--- Provided data Enclosed Below ---
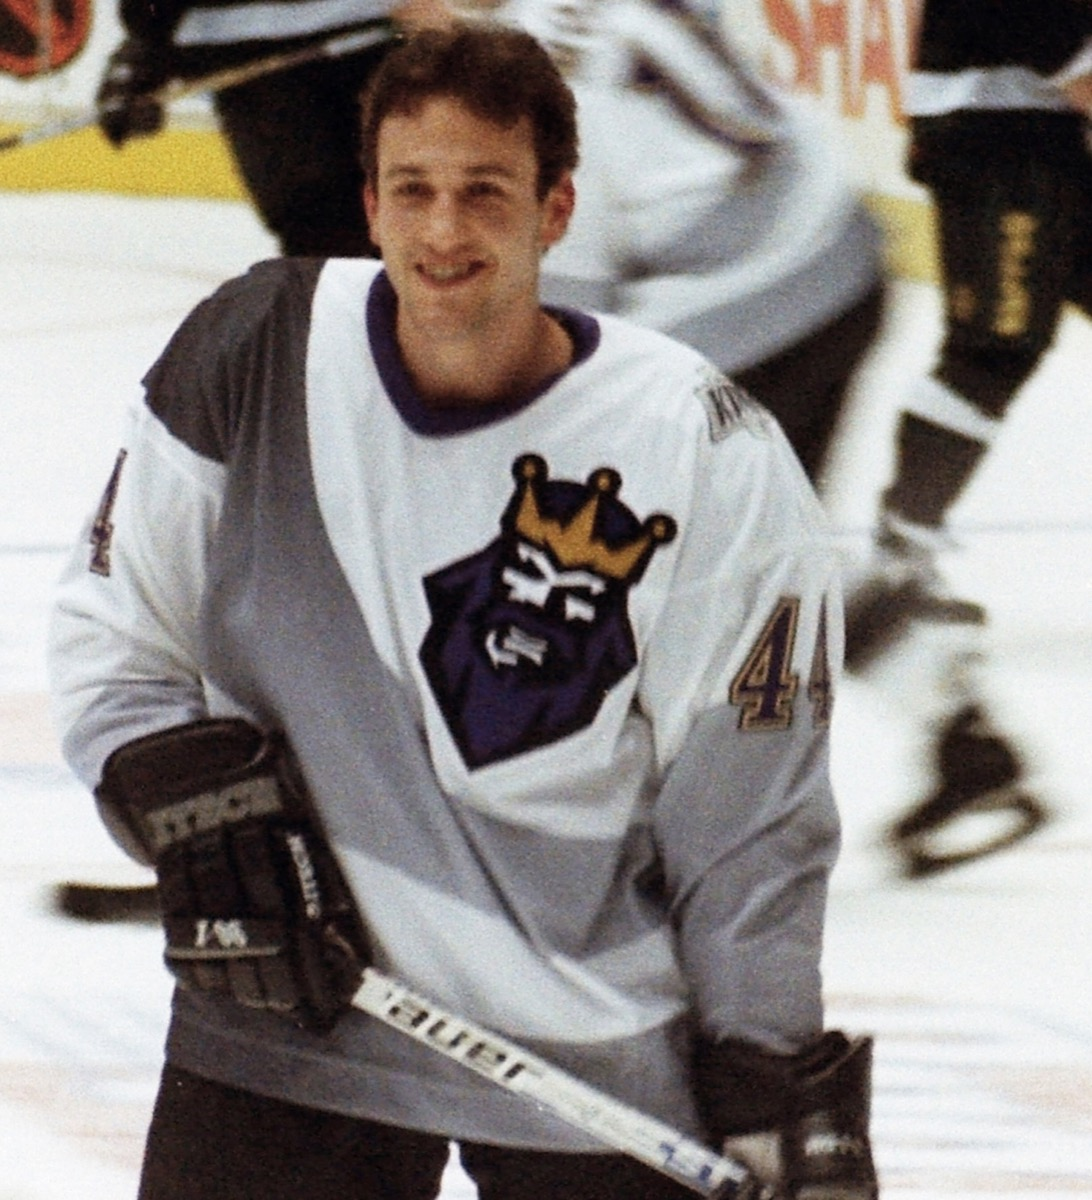 los angeles kings uniform 1996
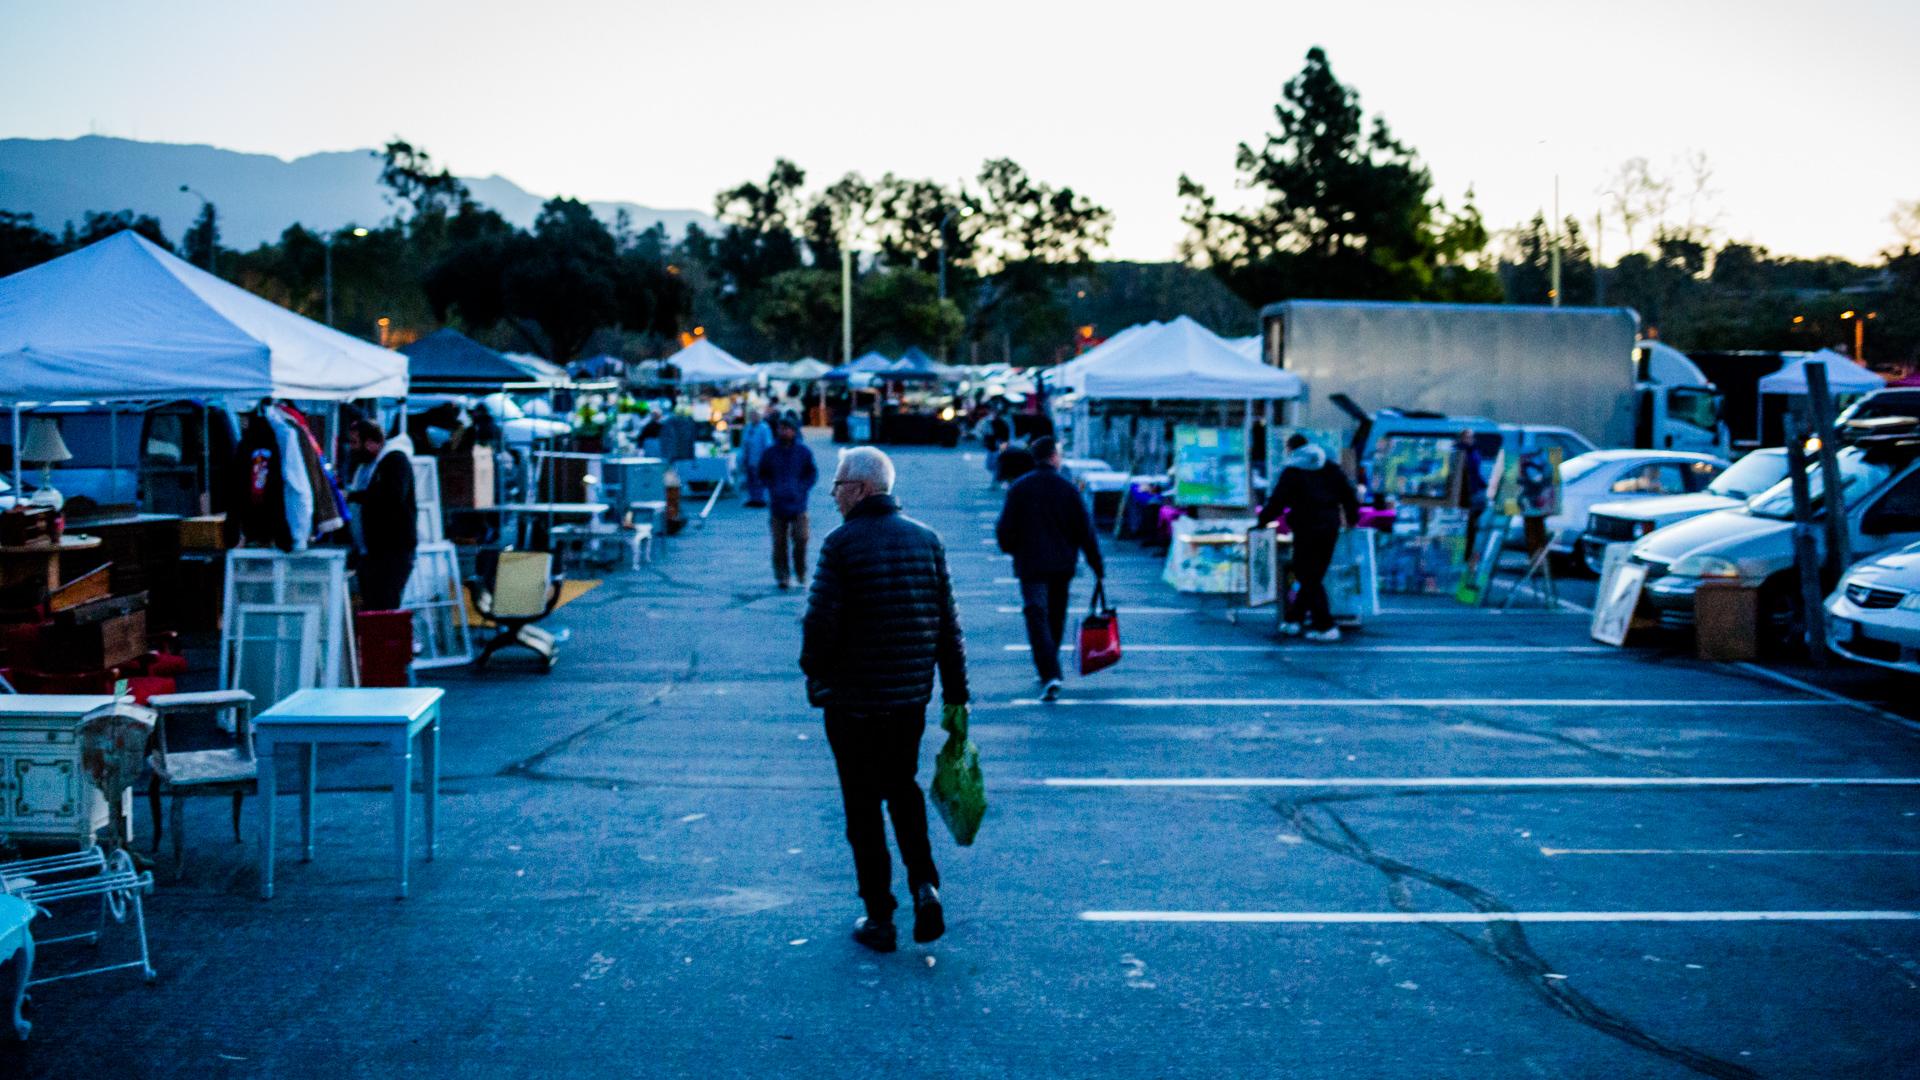 Jim_heimann_Pasadena_flea_market.jpg
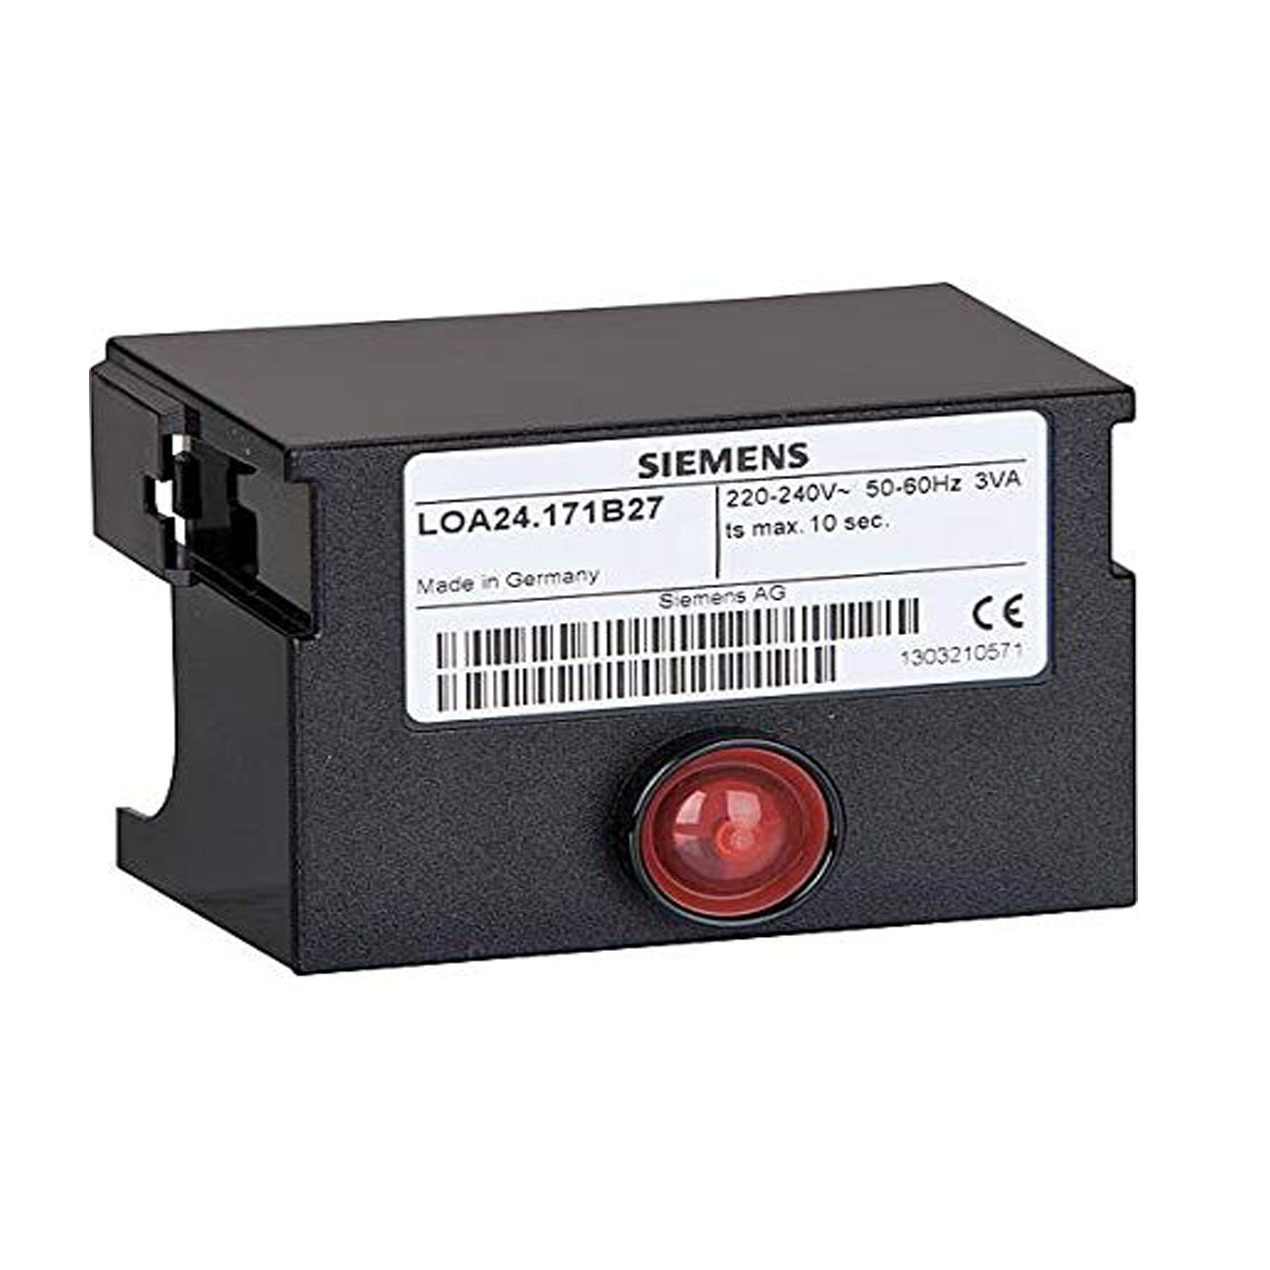 Siemens control box LOA24
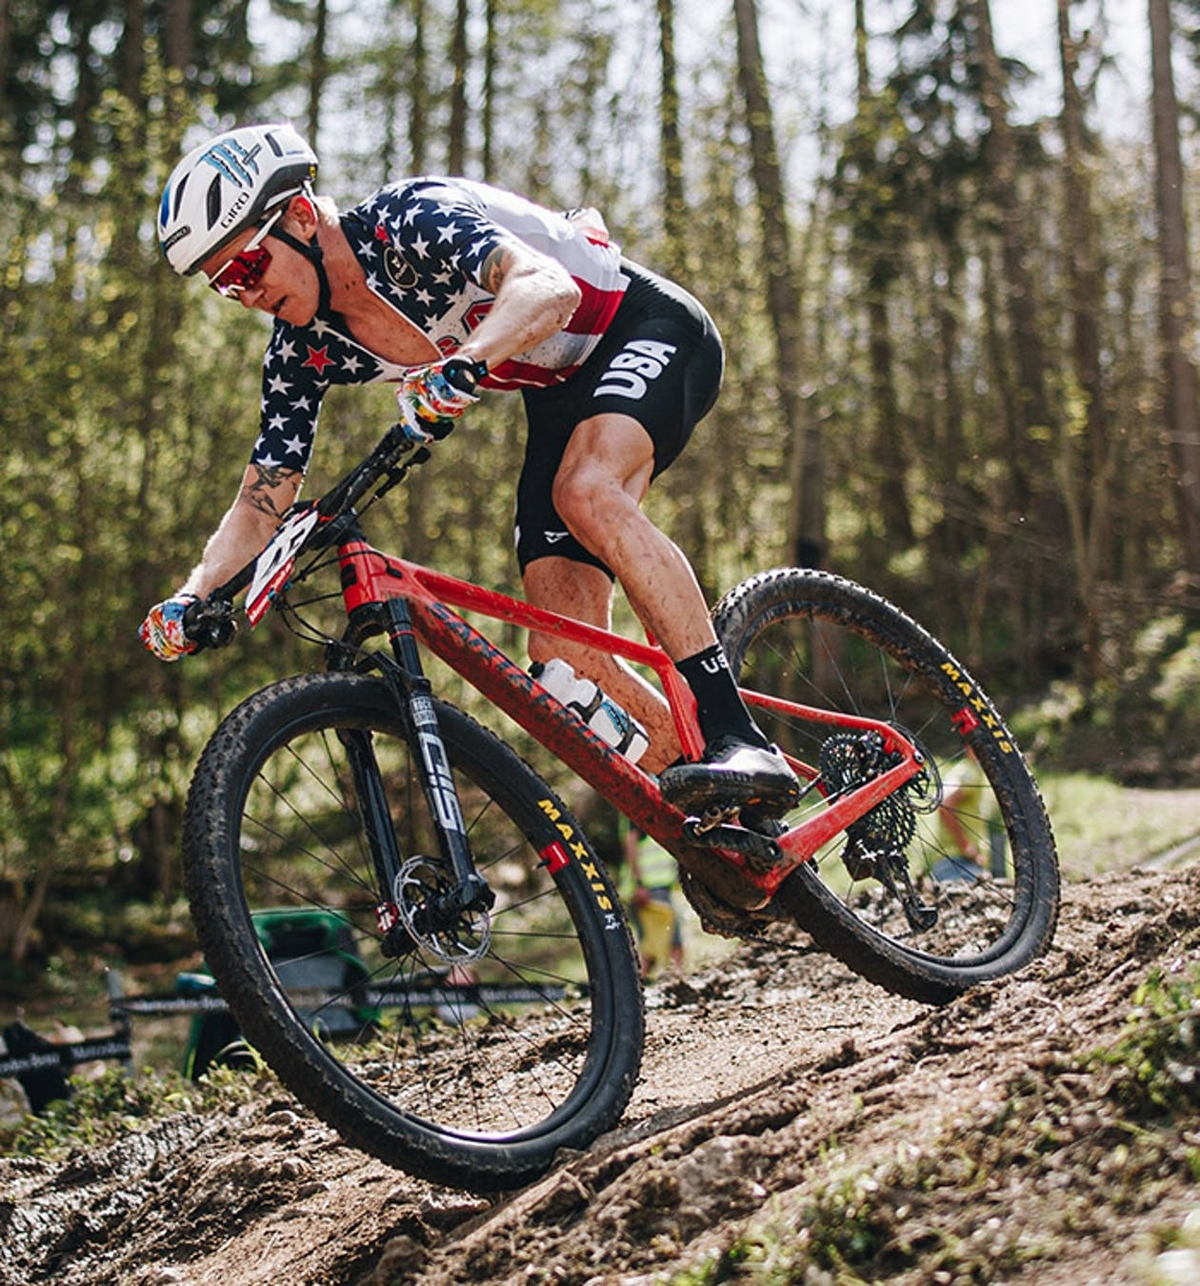 Keegan Swenson riding the Santa Cruz Highball on a muddy race course
--- End of Enclosed Provided data ---
Action item: Starting at the line that contains "Jim_heimann_Pasadena_flea_market.jpg", output every line through the end of the data, both ends included, and nothing else; pictures stay out.

Exercise answer:
 Jim_heimann_Pasadena_flea_market.jpg
 Siemens control box LOA24
 Keegan Swenson riding the Santa Cruz Highball on a muddy race course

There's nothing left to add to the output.